SELECT fs.coord_ra, fs.coord_dec, ccd.visitId, ccd.detector, fs.forcedSourceId, fs.objectId, fs.ccdVisitId, fs.detect_isPrimary, 
fs.band, scisql_nanojanskyToAbMag(fs.psfFlux) as psfMag, ccd.obsStartMJD, scisql_nanojanskyToAbMag(obj.r_psfFlux) as obj_rpsfMag, obj.r_extendedness
FROM dp02_dc2_catalogs.ForcedSource as fs 
JOIN dp02_dc2_catalogs.CcdVisit as ccd ON fs.ccdVisitId = ccd.ccdVisitId 
JOIN dp02_dc2_catalogs.Object as obj ON fs.objectId = obj.objectId WHERE obj.coord_ra 
BETWEEN 59.58 AND 59.96 AND obj.coord_dec BETWEEN -36.95 AND -36.65 AND obj.detect_isPrimary = 1 AND fs.band = 'r' AND ccd.visitId = 1185205 
AND ccd.detector = 82

Hi Matt,

Thanks for the observation and question. We (the RSP database team) have absolutely seen this issue, and it is a principal focus of our ongoing development work to improve this.

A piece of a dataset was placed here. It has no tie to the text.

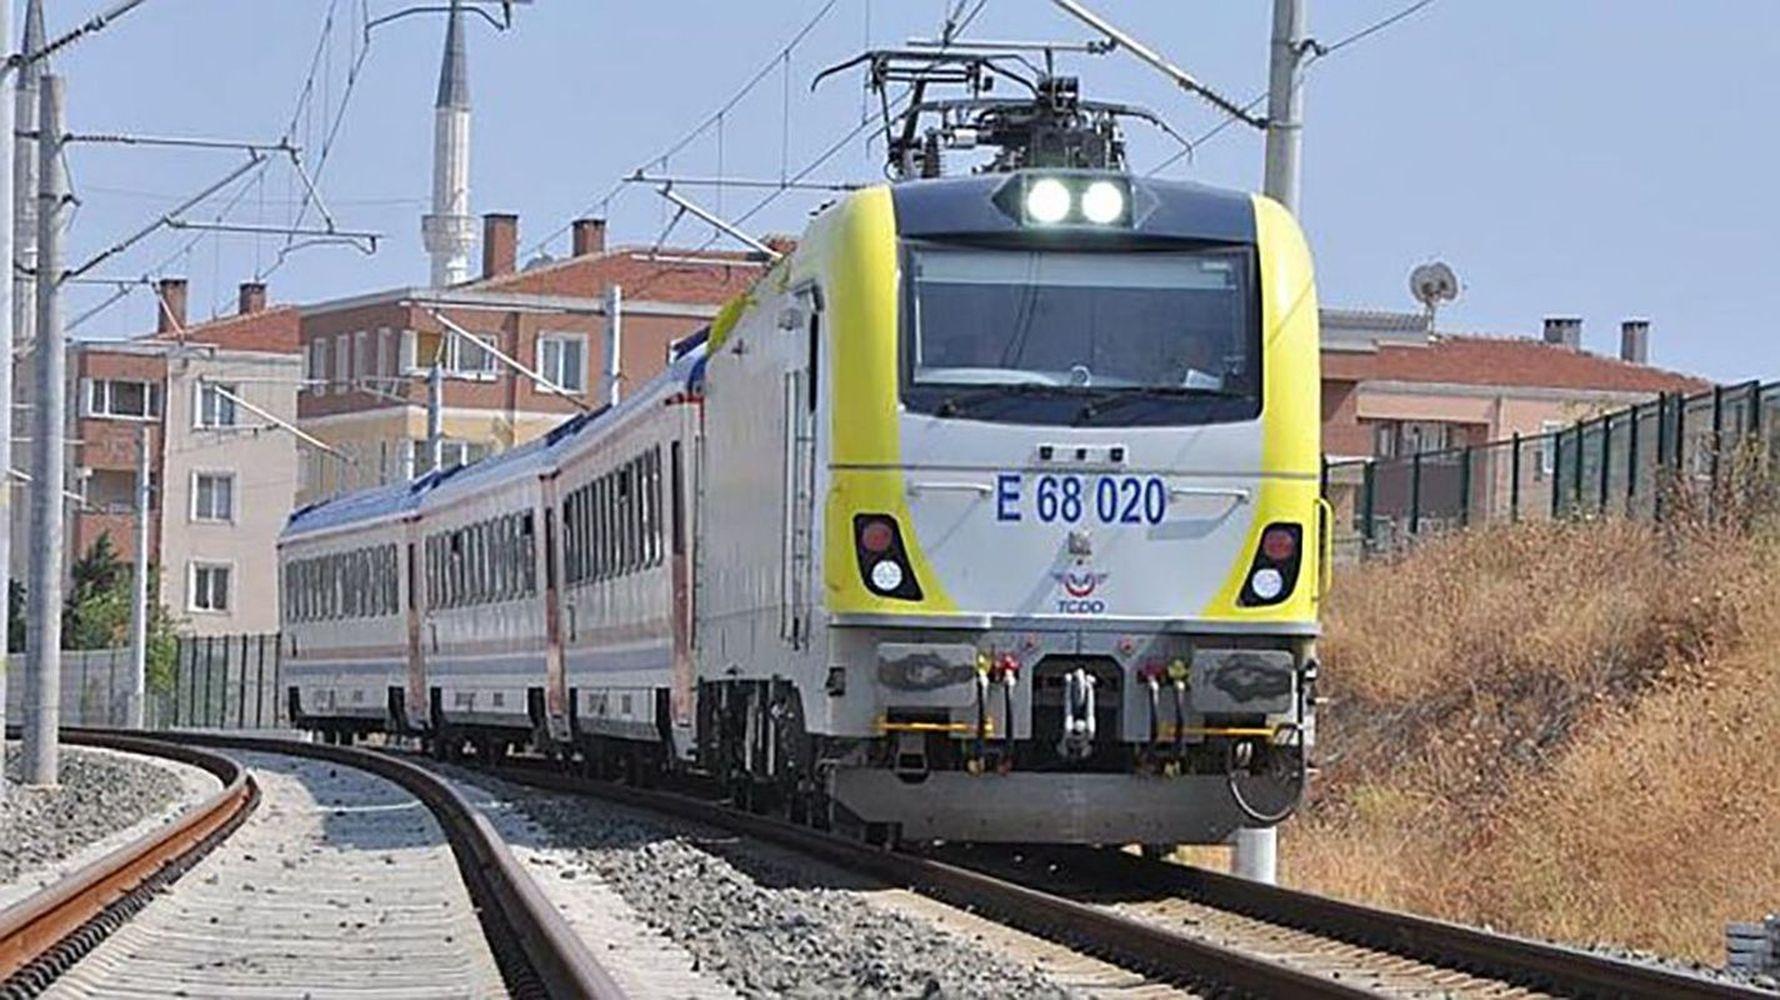 Why are there not adapazari train services?

As a clarification, we have seen that these slow-downs are currently triggered not so much by cumulative user load, but typically as a result of a small number of concurrent queries that Qserv (RSP’s back-end distributed database) has to work particularly hard to answer (more specifics below). When faced with this, Qserv can consume excessive cluster resources and “starve itself” for ability to process other queries (simple or complex) concurrently.

We don’t expect our users to have to know or guess these particulars about Qserv, and we know the great variability in response times currently seen on the system is frustrating. We are working to implement resource management mechanisms in Qserv to even this out and hope to be rolling out some significant improvements in the upcoming weeks.

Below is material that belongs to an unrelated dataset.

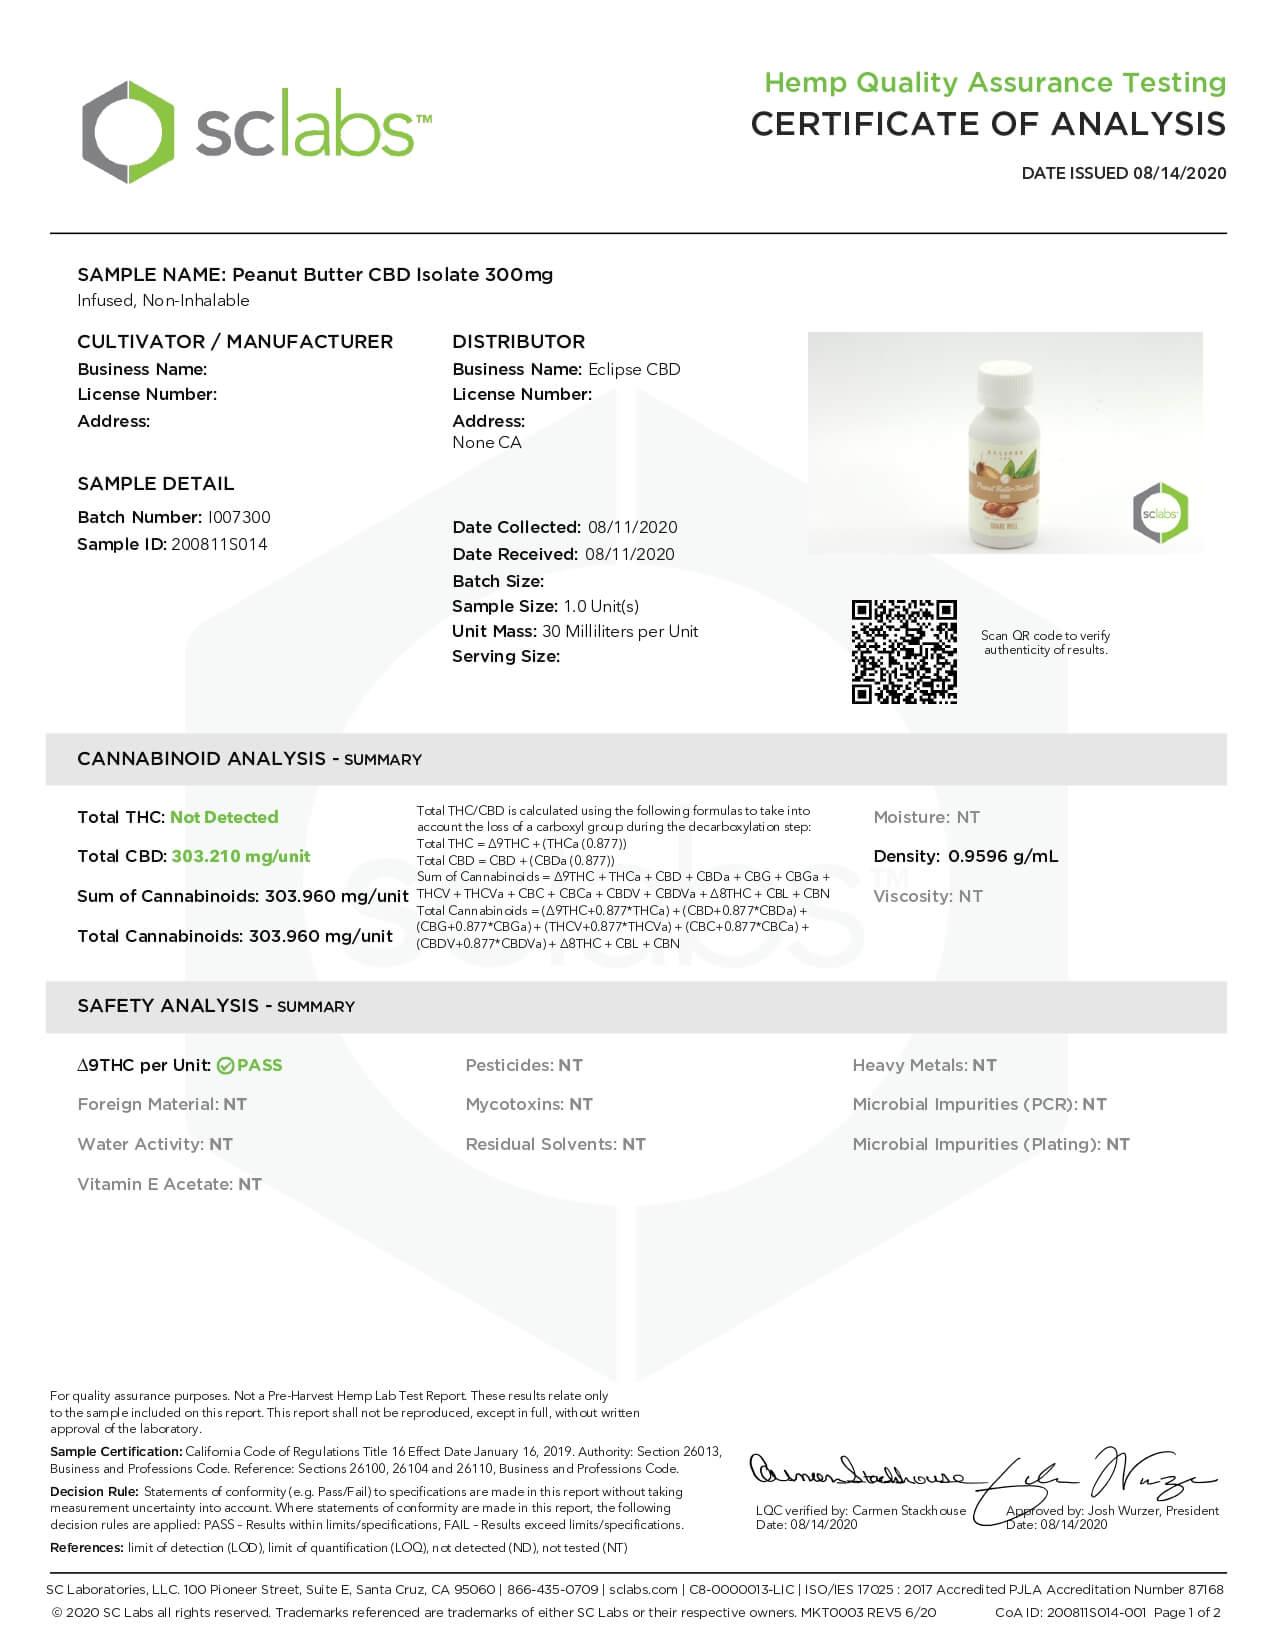 Eclipse CBD MCT Tincture Peanut Butter 300mg Lab Report

Your question re. monitoring is also well taken. While we do have some internal engineering interfaces that we use to keep tabs on this, these cannot practically be exposed to end users. We have discussed offering a generalized “load average” metric to users, as relative indication of how hard the cluster is currently working. That said, we still feel the best approach would be just to keep improving Qserv to the point that our users don’t have to care!

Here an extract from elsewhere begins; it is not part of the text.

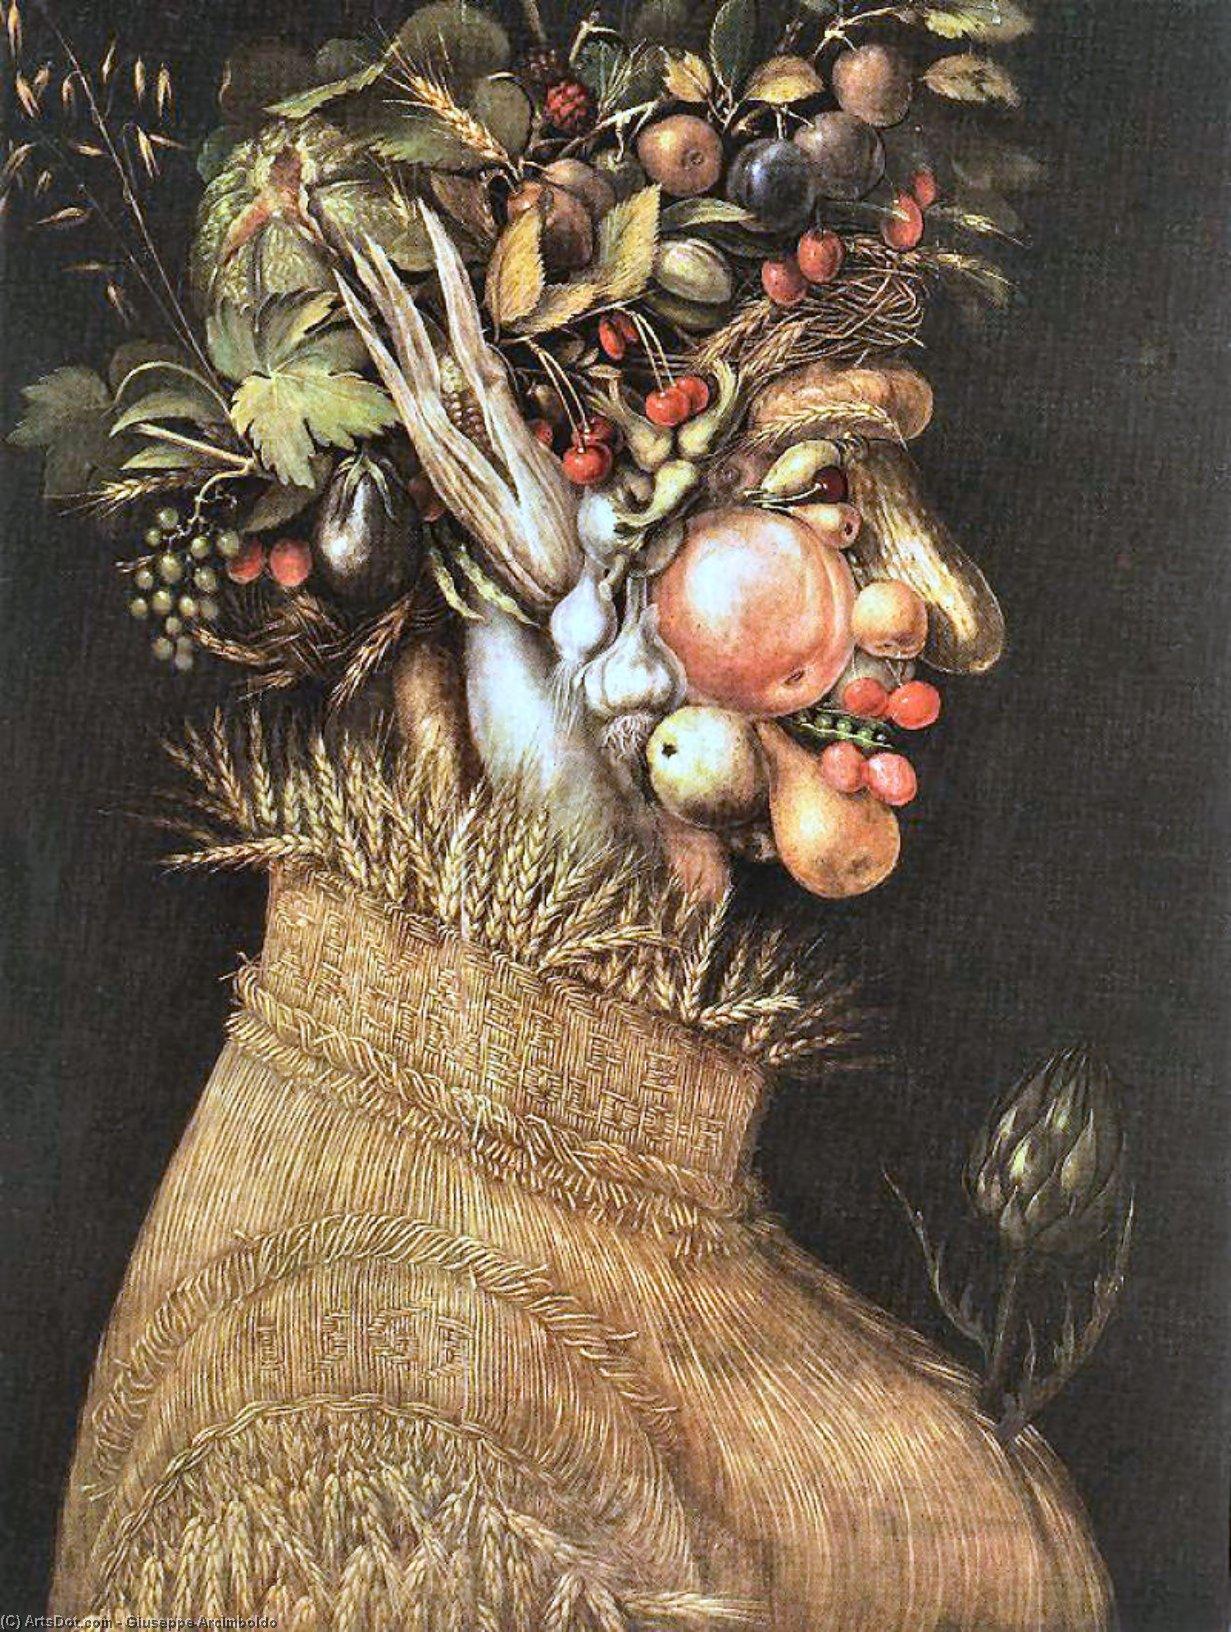 Wikioo.org - The Encyclopedia of Fine Arts - Painting, Artwork by Giuseppe Arcimboldo - Summer 1

For those interested, some further details on what sorts of queries currently make Qserv work particularly hard (and tips on optimizing this query in particular for Qserv) will follow shortly on this thread. Our CST team also points out they have page ADQL Recipes — Vera C. Rubin Observatory Documentation for Data Preview 0.2 which speaks some general advice for crafting low-impact queries.

Thanks much,
–FritzM.

@mwiesner, one thing we can offer right away is that with a small adjustment, the above query can be processed with an oder of magnitude greater efficiency by Qserv. The tweak is to use ADQL CONTAINS(POINT..., POLYGON...) for the area constraint, instead of the obj.coord_ra BETWEEN ... AND obj.coord_dec BETWEEN ... construction:

SELECT 
    fs.coord_ra, fs.coord_dec, ccd.visitId, ccd.detector, fs.forcedSourceId, 
    fs.objectId, fs.ccdVisitId, fs.detect_isPrimary, fs.band,
    scisql_nanojanskyToAbMag(fs.psfFlux) as psfMag, ccd.obsStartMJD, 
    scisql_nanojanskyToAbMag(obj.r_psfFlux) as obj_rpsfMag, obj.r_extendedness
FROM
    dp02_dc2_catalogs.ForcedSource as fs
    JOIN dp02_dc2_catalogs.CcdVisit as ccd ON fs.ccdVisitId = ccd.ccdVisitId 
    JOIN dp02_dc2_catalogs.Object as obj ON fs.objectId = obj.objectId
WHERE 
    CONTAINS(POINT('ICRS', obj.coord_ra, obj.coord_dec), 
        POLYGON('ICRS', 59.58, -36.95, 59.58, -36.65, 59.96, -36.65, 59.96, -36.95))=1
    AND obj.detect_isPrimary = 1
    AND fs.band = 'r'
    AND ccd.visitId = 1185205 
    AND ccd.detector = 82

The reason this helps is that Qserv is able to recognize the CONTAINS(POINT..., POLYGON) construction, and direct the query to just the involved sections of sky. Qserv cannot currently make the same inference from the BETWEEN construction, so it gives up runs the query over the entire sky instead. This, in combination with that fact the the query contains a join on the weighty ForcedSource table, is enough to trigger the resource management pathology in Qserv mentioned in the post at the head of this thread.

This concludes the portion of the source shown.